Material provided —

__________________________________________________

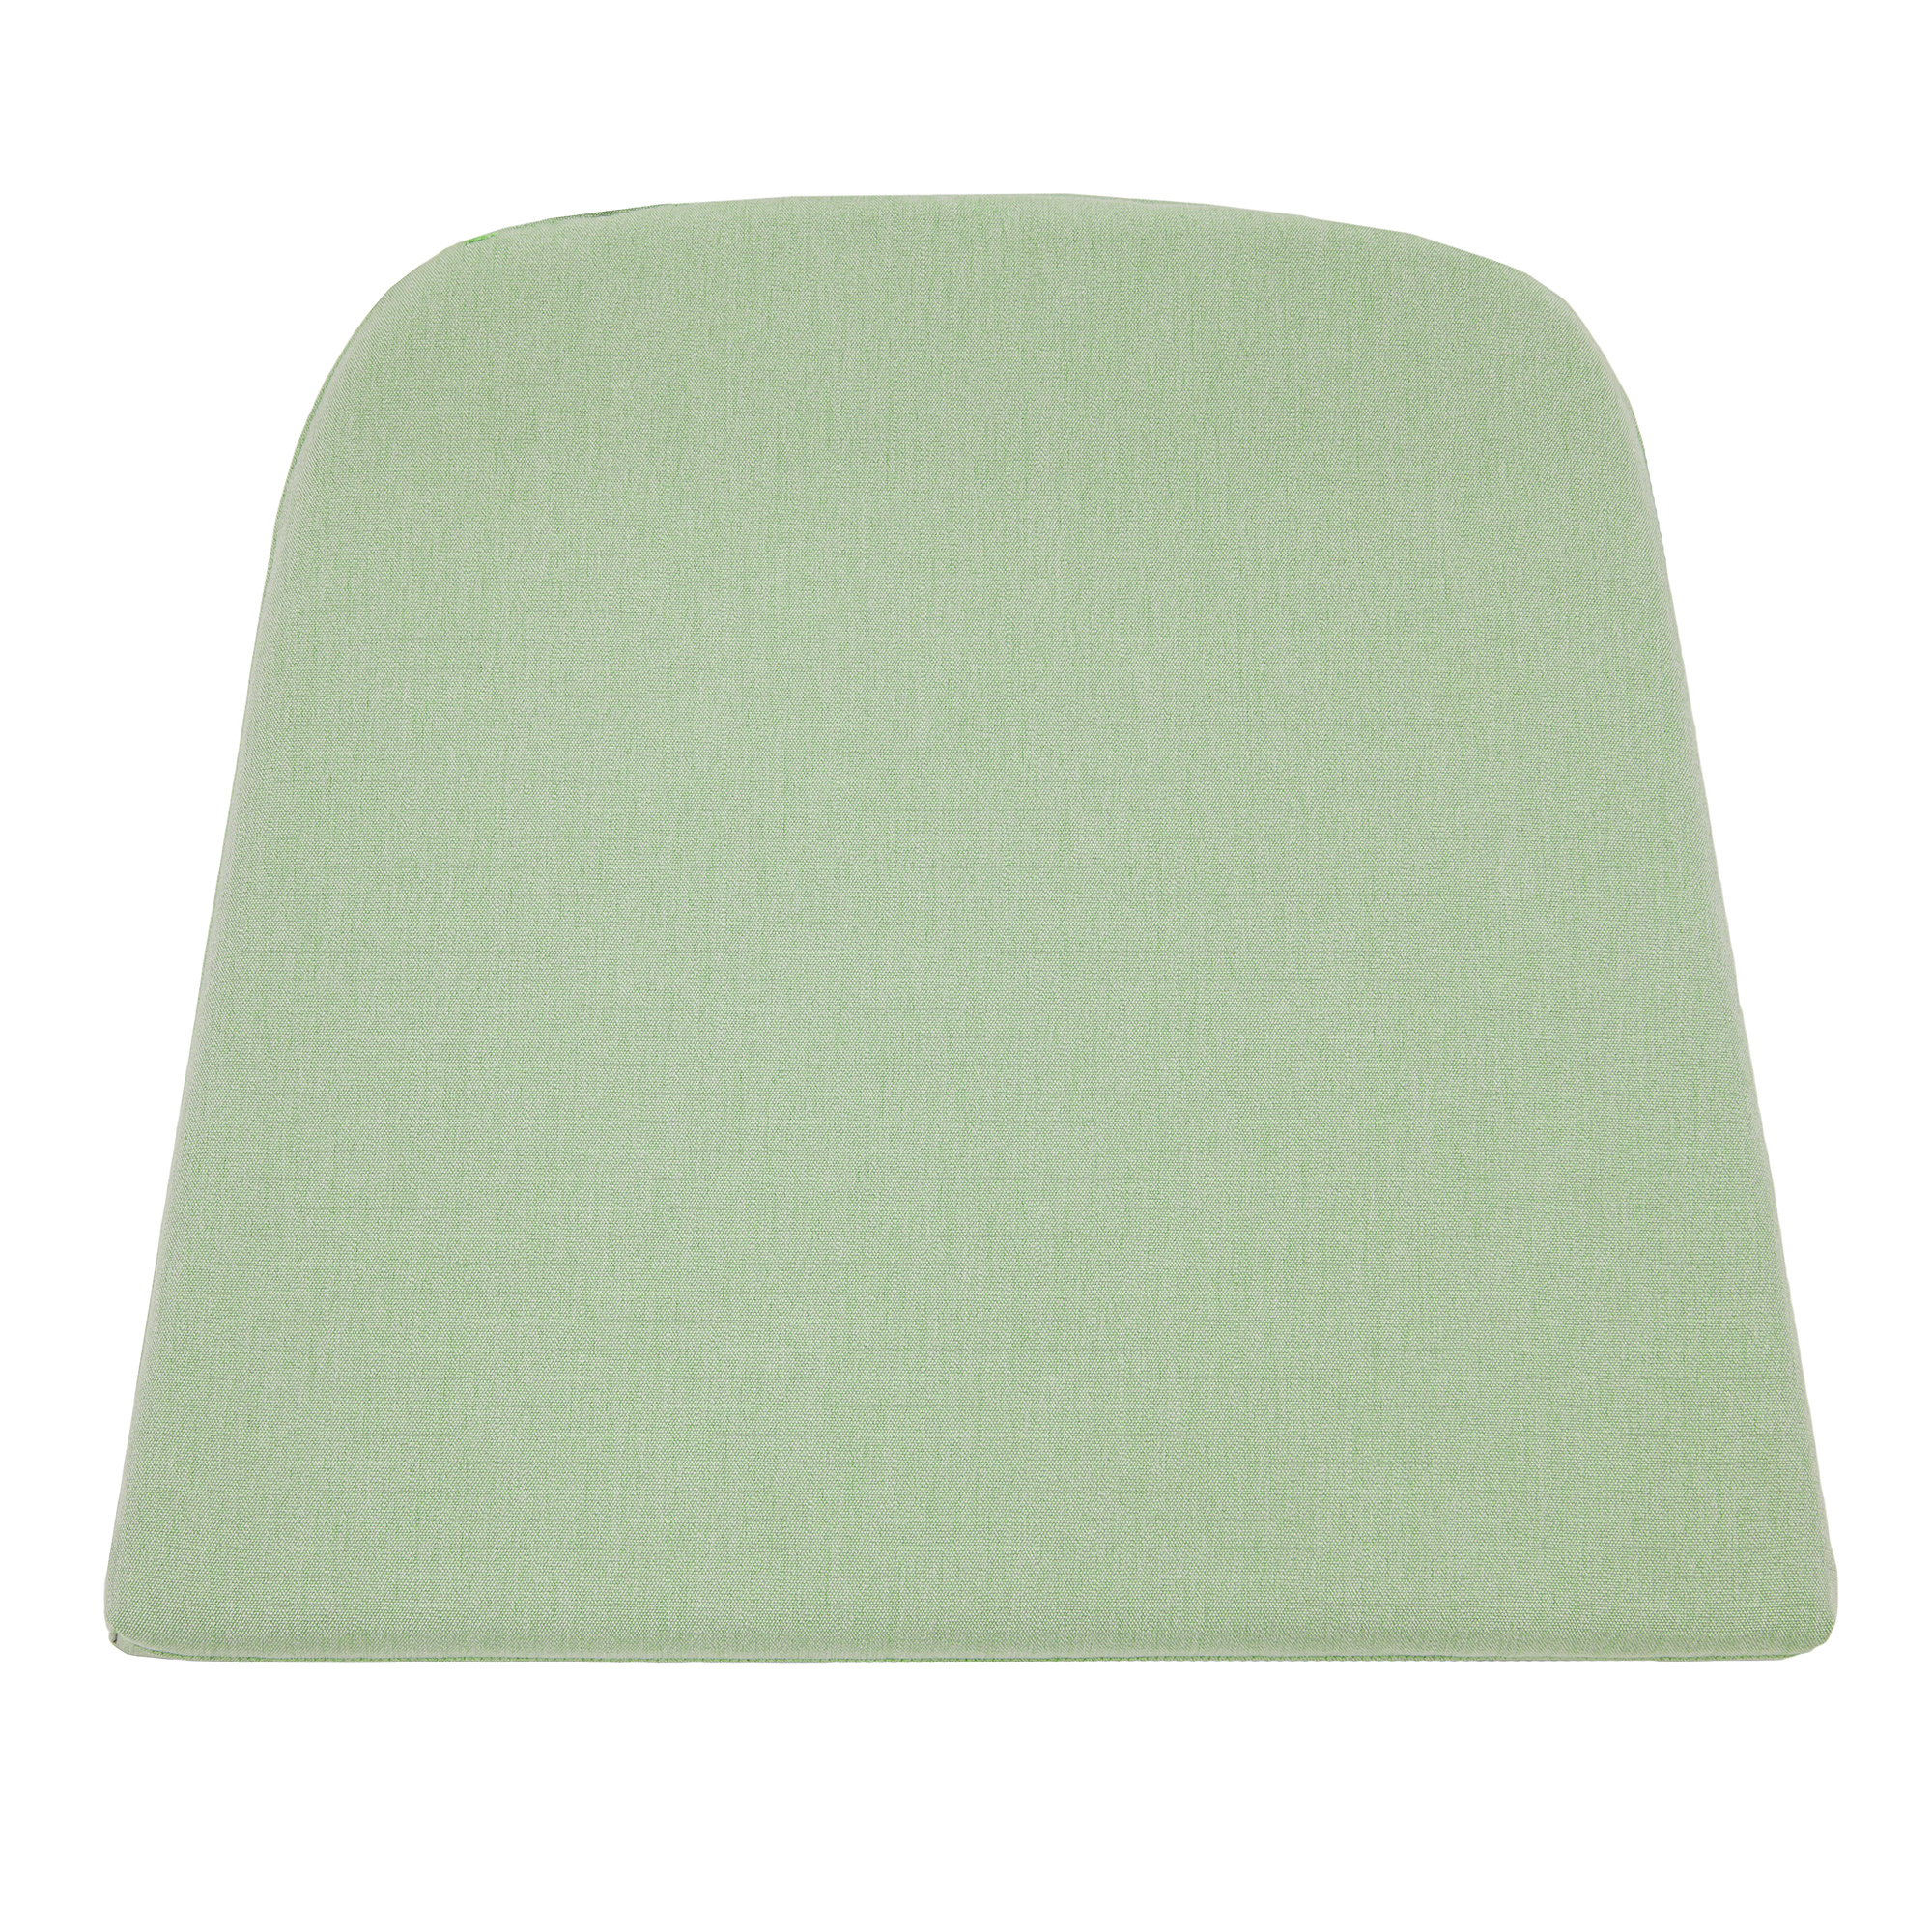 Подушка для кресла Nardi net зеленая (3632600071)
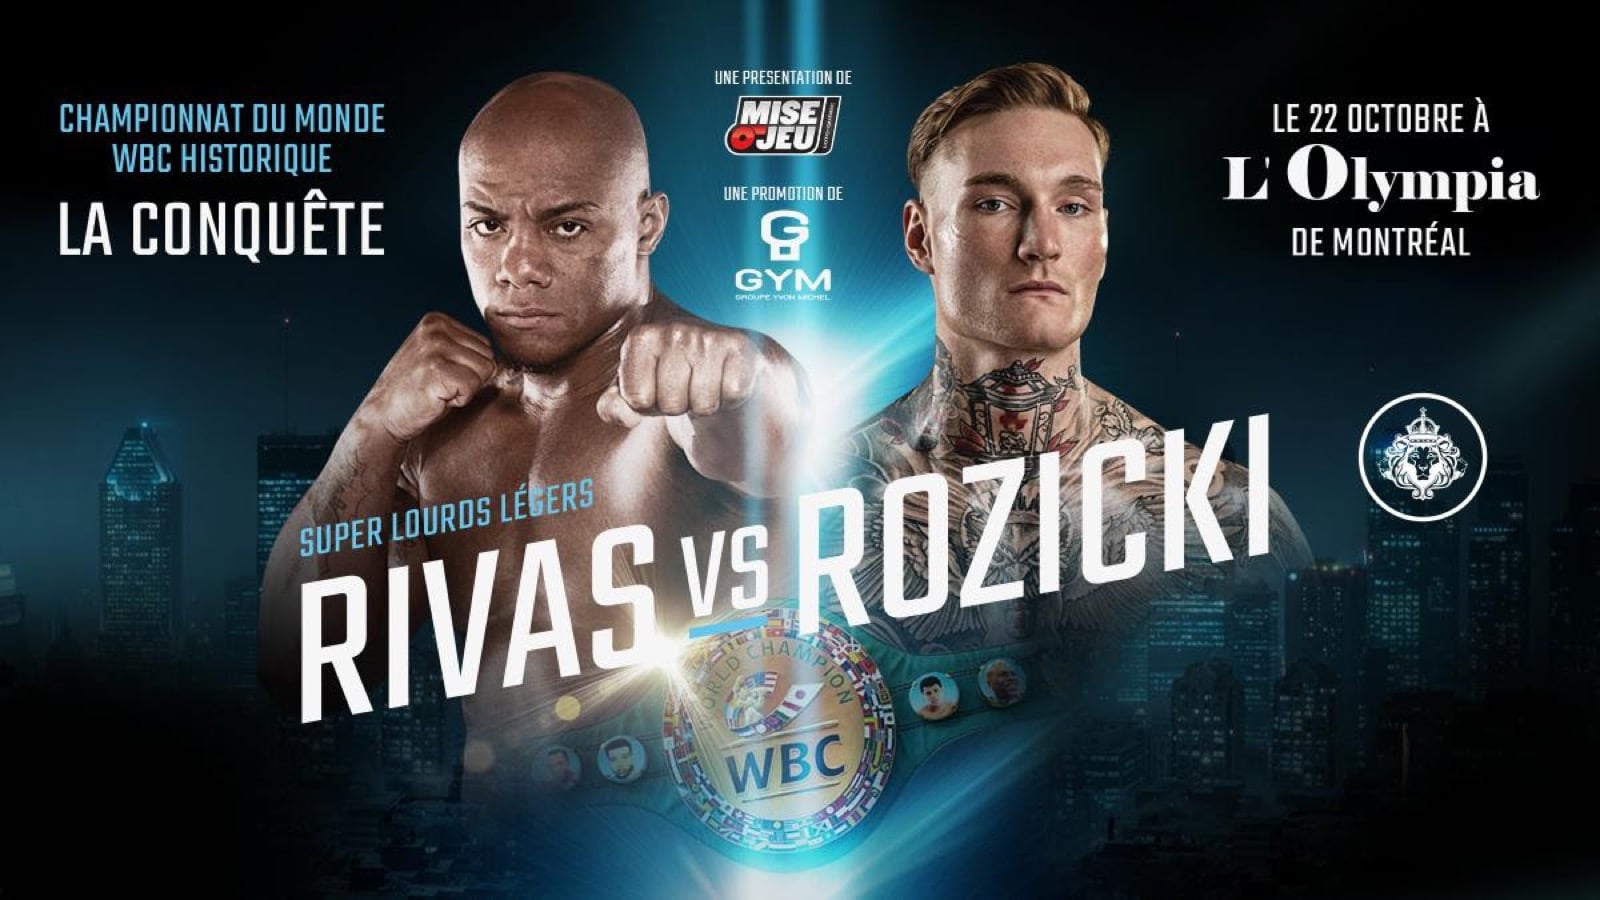 Rivas vs Rozicki - ESPN+, FITE TV - Oct 22 - 7 pm ET
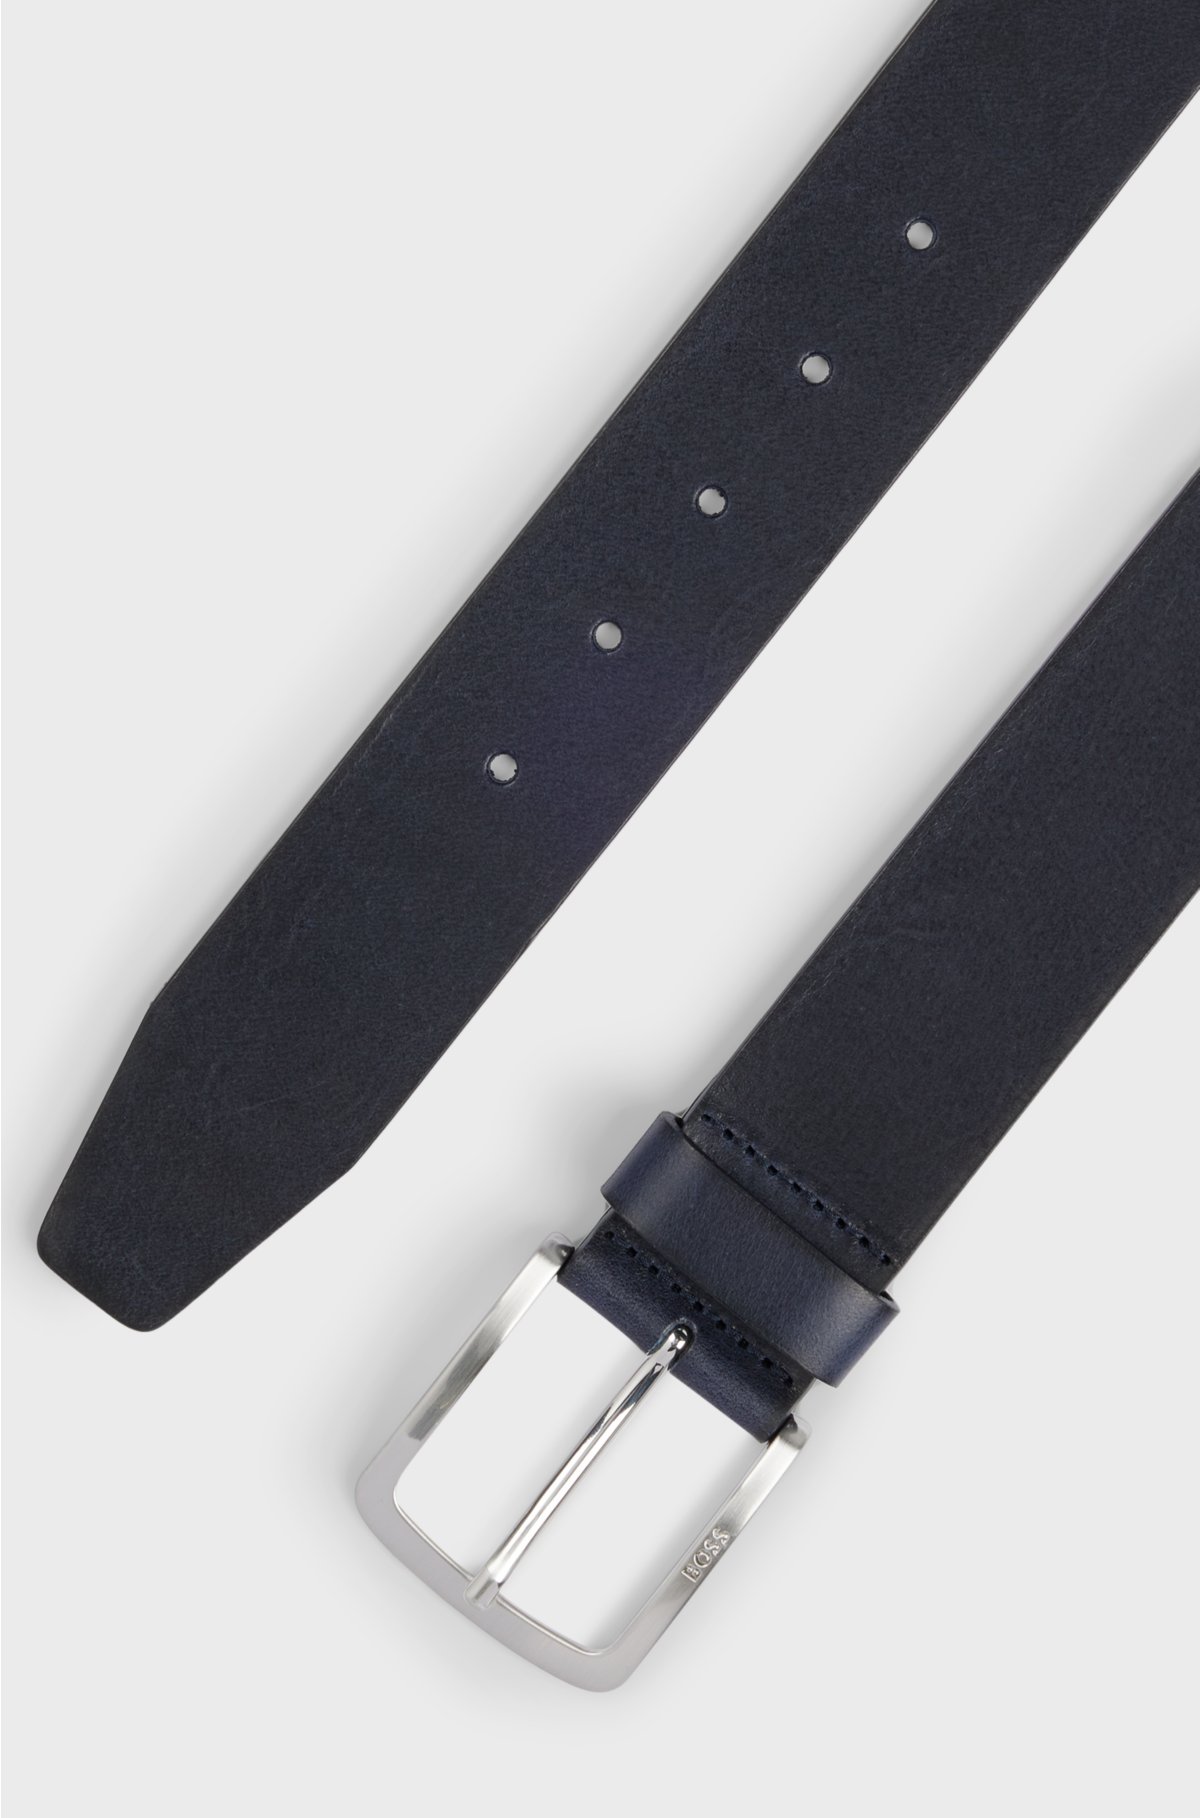 Italian-leather belt with logo-engraved buckle, Dark Blue
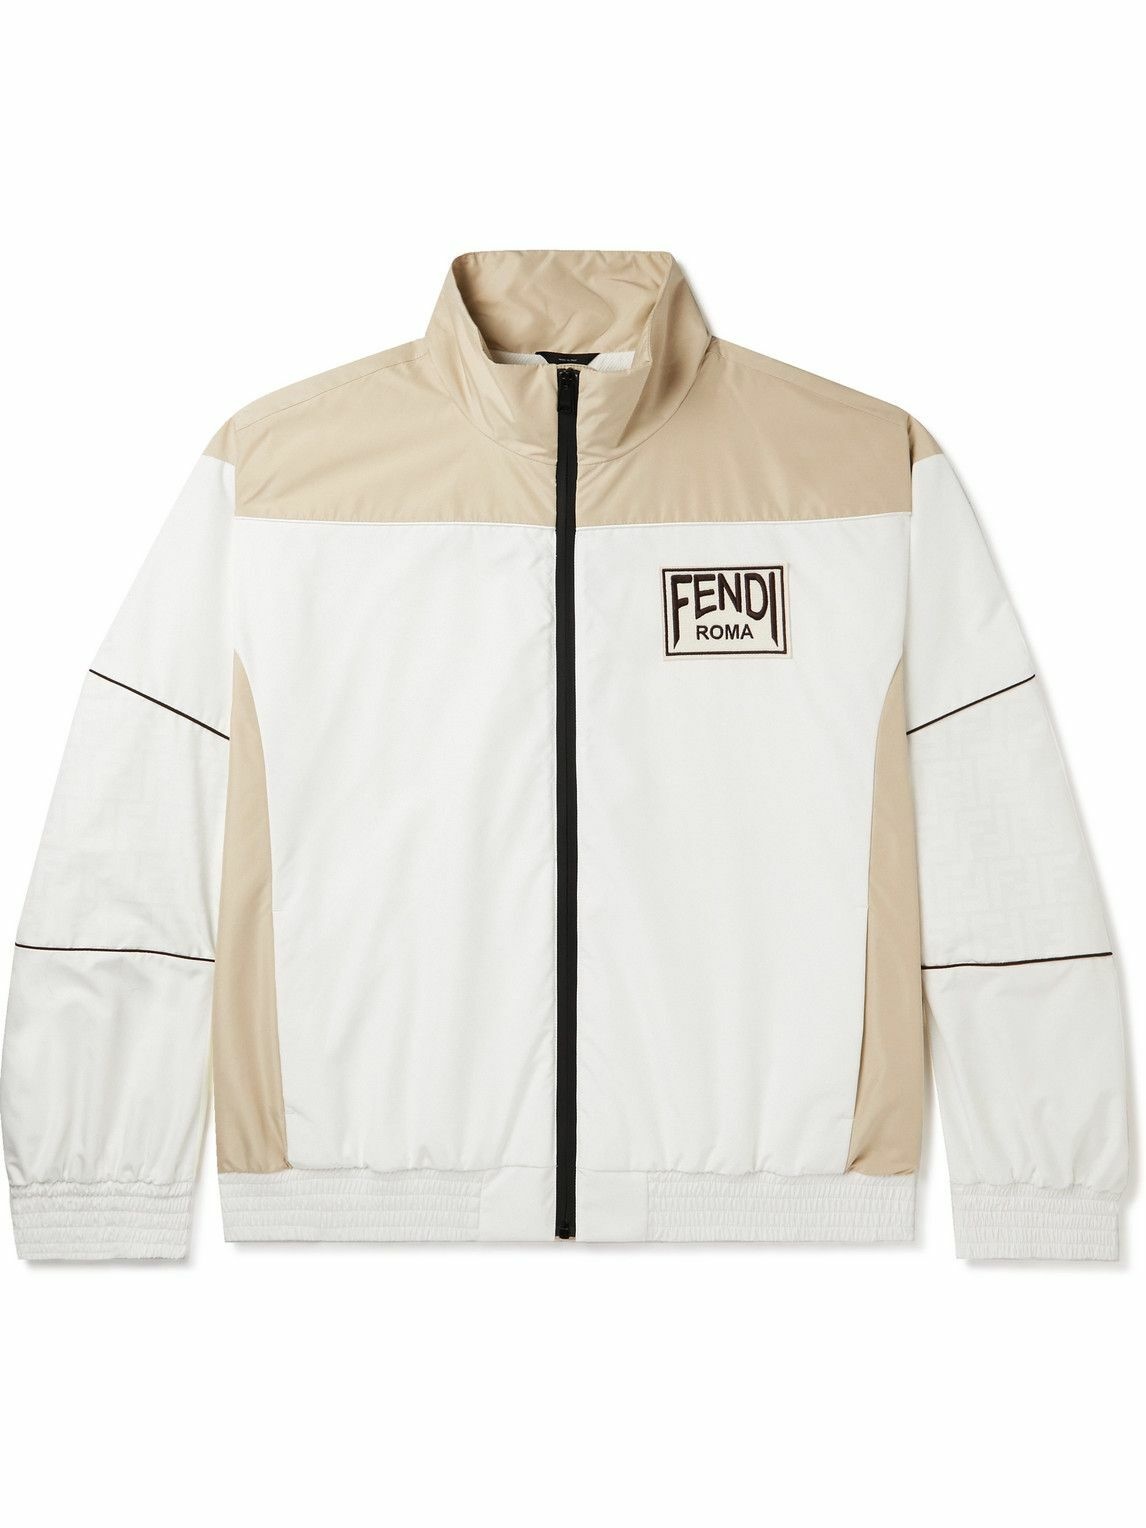 Fendi - Reversible Monogram Logo-Jacquard Two-Tone Shell and Mesh Jacket -  White Fendi

__________________________________________________

Problem to work on —
Transcribe the data word for word, with no images.

Response to this task —
 Подушка для кресла Nardi net зеленая (3632600071)
 Rivas vs Rozicki - ESPN+, FITE TV - Oct 22 - 7 pm ET
 Italian-leather belt with logo-engraved buckle, Dark Blue
 Fendi - Reversible Monogram Logo-Jacquard Two-Tone Shell and Mesh Jacket -  White Fendi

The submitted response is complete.